» **Source material**
________________________
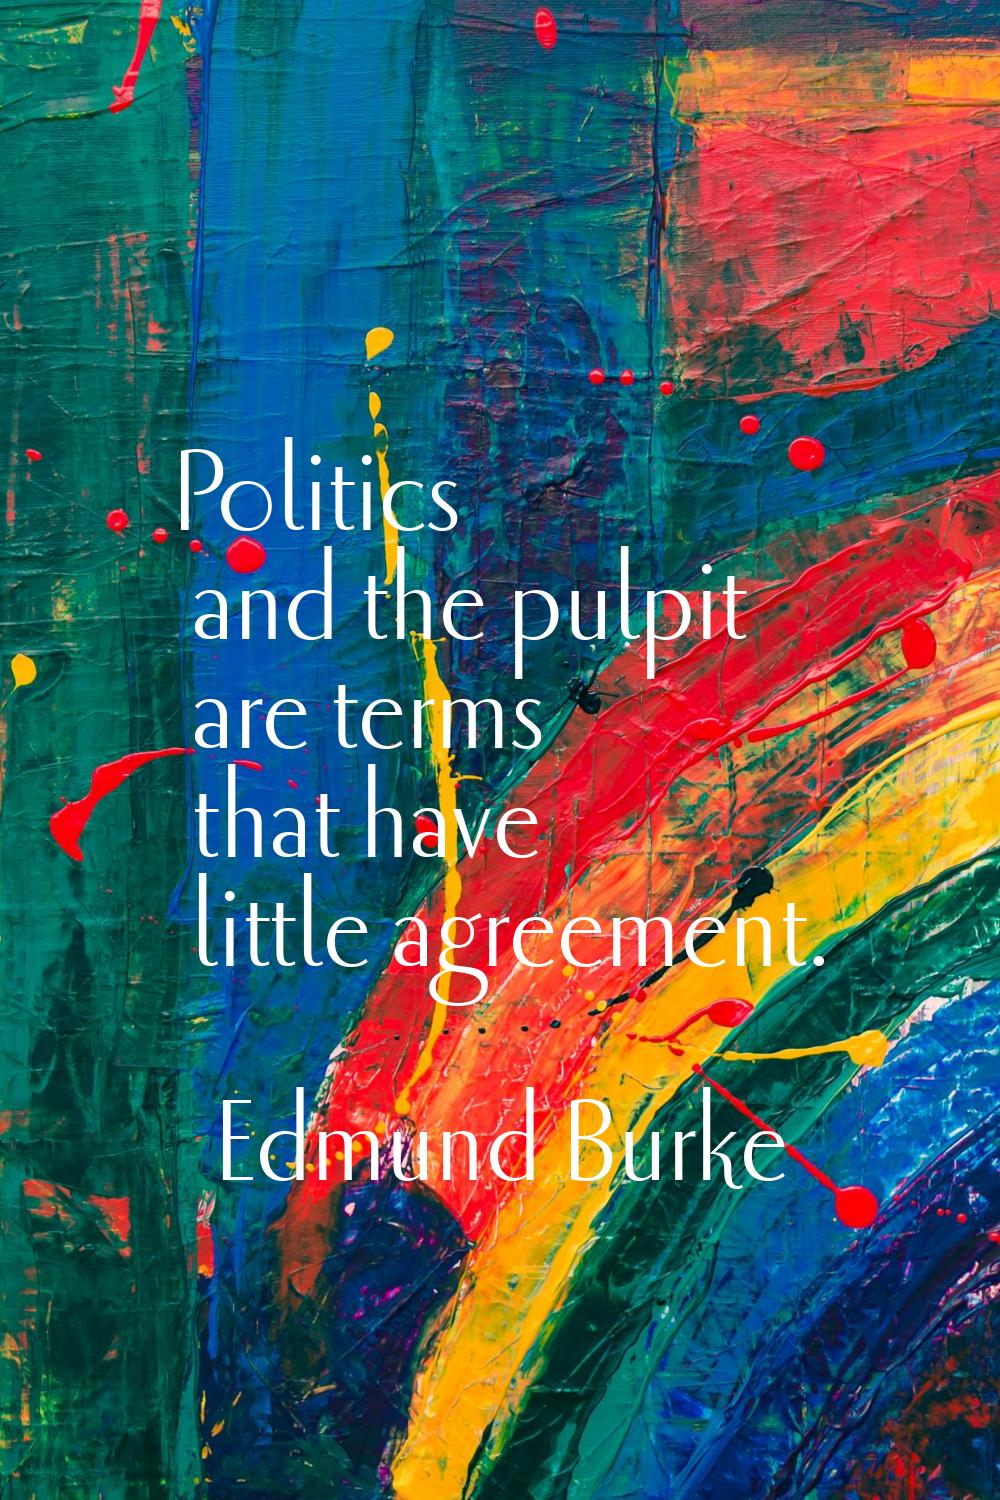 Politics and the pulpit are terms that have little agreement.
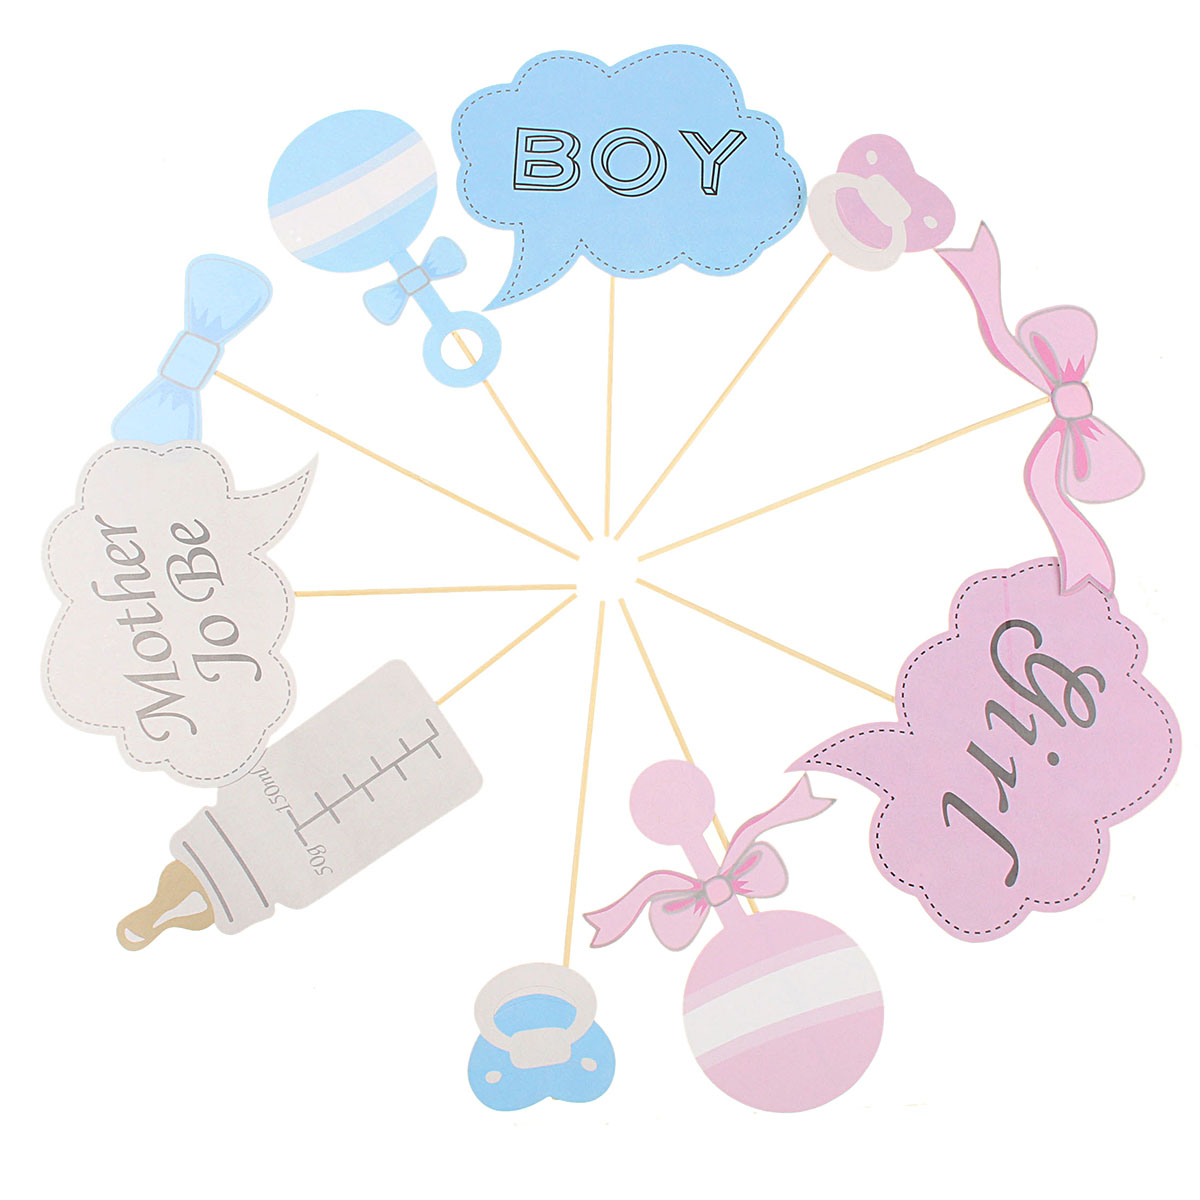 10Pcs-Baby-Shower-Photo-Booth-Props-Little-Girl-Mini-Boy-New-Born-Wedding-Party-Decoration-1069354
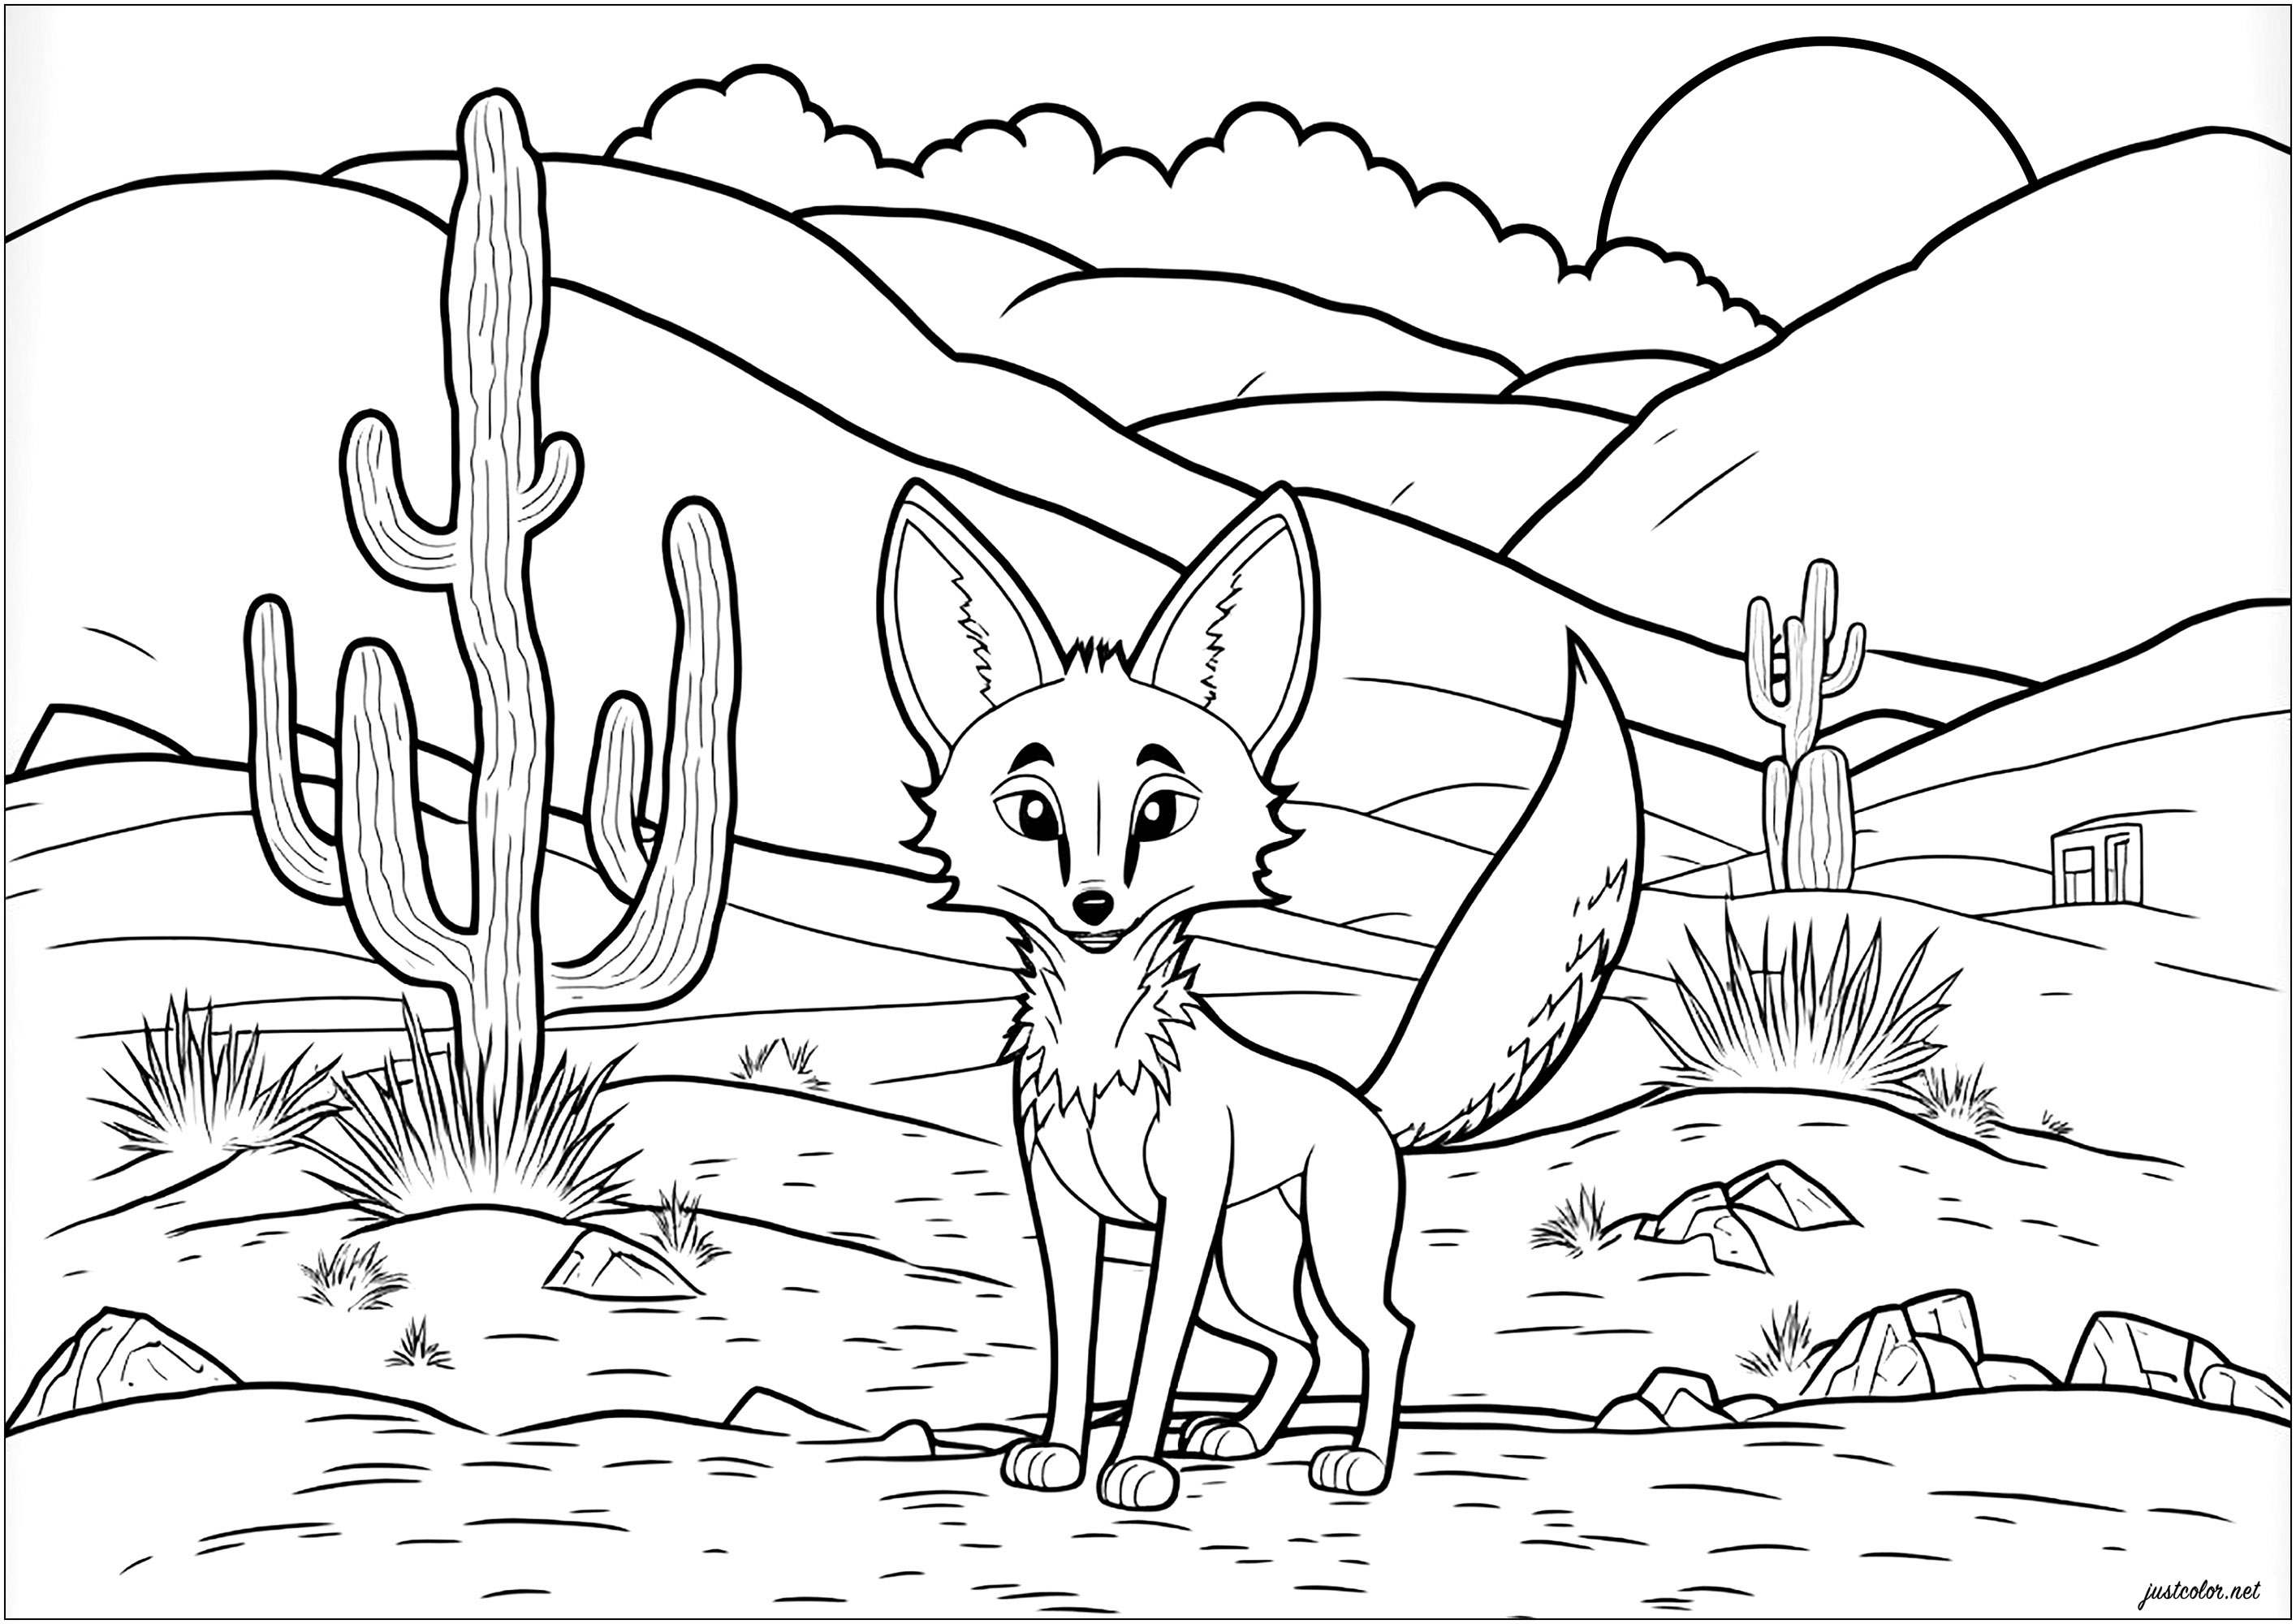 Smart desert fox to color. Like the bold fox, trust your instincts and your ability to overcome challenges to achieve your dreams.
________________________
» **Work order**
Print out the whole listing word for word. Leave the pictures out.

» **Result for this exercise**
 Politics and the pulpit are terms that have little agreement.
 10Pcs-Baby-Shower-Photo-Booth-Props-Little-Girl-Mini-Boy-New-Born-Wedding-Party-Decoration-1069354
 Smart desert fox to color. Like the bold fox, trust your instincts and your ability to overcome challenges to achieve your dreams.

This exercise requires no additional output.